24. A computer-readable medium, having encoded thereon program
code, wherein, when the program code is executed by a computer, the
computer implements a method for synthesizing a multi-channel audio
signal having a plurality of audio output channels comprising a
plurality of regular channels and at least one low-frequency
channel, the method comprising: applying a parametric audio
decoding technique to generate all of the audio output channels for
a first frequency region corresponding to one or more sub-bands
below a specified cut-off frequency; and applying the parametric
audio decoding technique to generate only the regular channels for
a second frequency region corresponding to one or more sub-bands
above the specified cut-off frequency, wherein: the parametric
audio decoding technique generates audio output channels using
parametric audio codes based on inter-channel differences; for the
first frequency region, the parametric audio codes correspond to
inter-channel difference information corresponding to all of the
audio output channels; and for the second frequency region, the
parametric audio codes correspond to inter-channel difference
information corresponding to only the regular channels and not with
respect to the at least one low-frequency channel.

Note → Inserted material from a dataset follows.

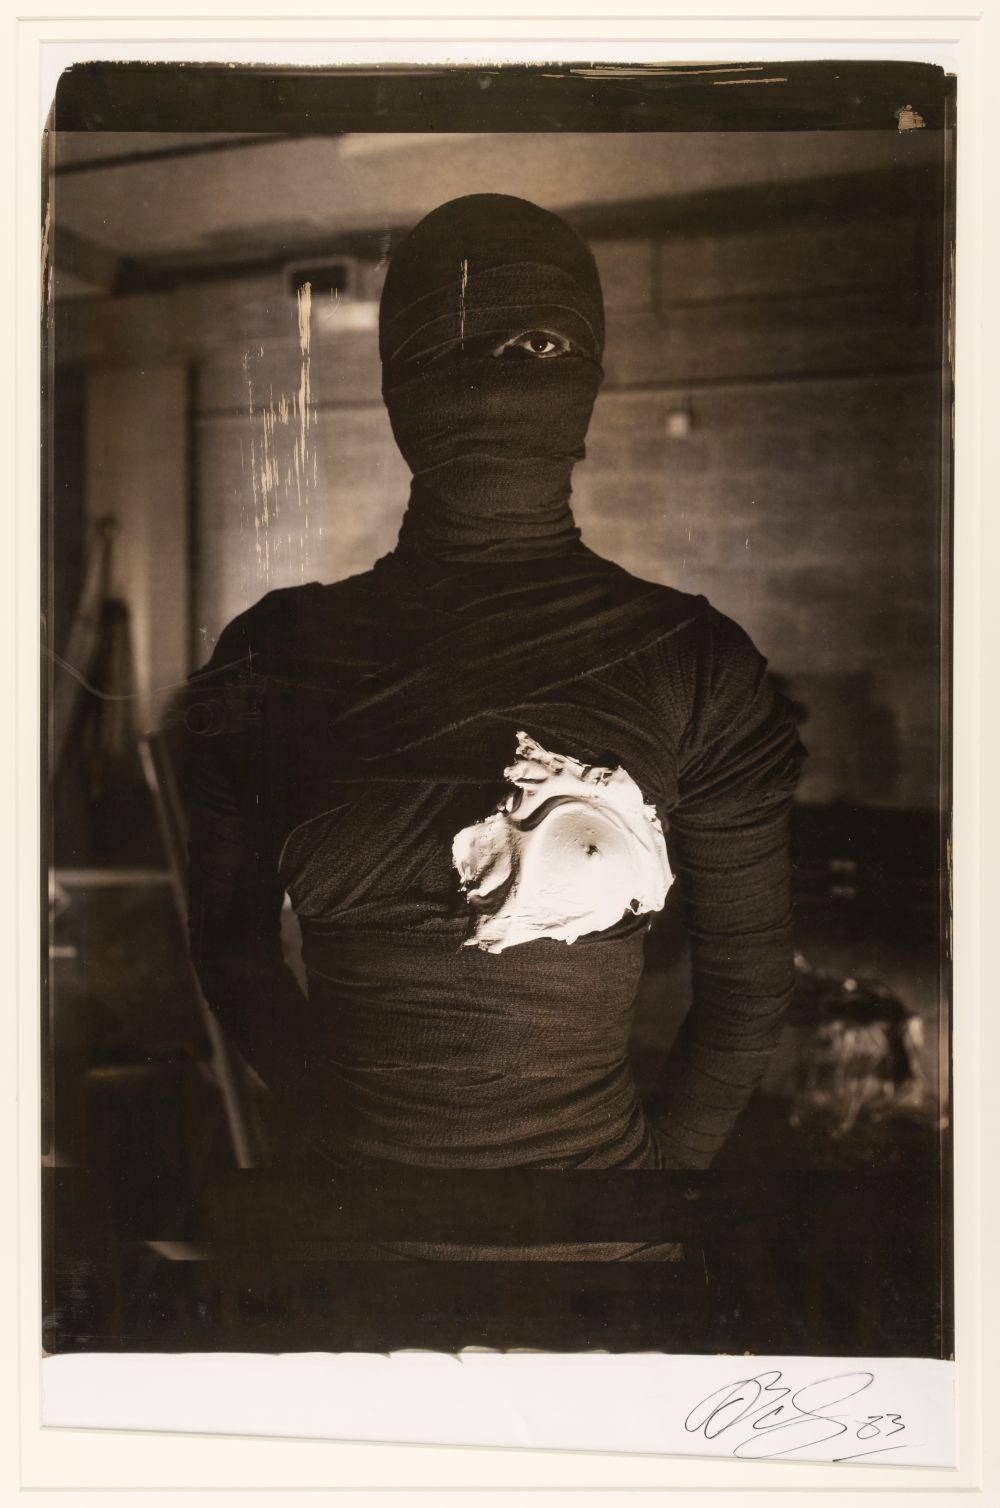 Bailey (David, born 1938). Masked Figure, Bradford, 1983

25. The invention of claim 1, wherein: for the first frequency
range, the machine encodes all of the audio input channels; and for
the second frequency range, the machine encodes only the regular
channels and not the at least one low-frequency channel.
26. The invention of claim 13, wherein: for the first frequency
range, the machine generates all of the audio output channels; and
for the second frequency range, the machine generates only the
regular channels and not the at least one low-frequency channel.
Description
BACKGROUND OF THE INVENTION
1. Field of the Invention
The present invention relates to the encoding of audio signals and
the subsequent synthesis of auditory scenes from the encoded audio
data.
2. Description of the Related Art
Multi-channel surround audio systems have been standard in movie
theaters for years. As technology has advanced, it has become
affordable to produce multi-channel surround systems for home use.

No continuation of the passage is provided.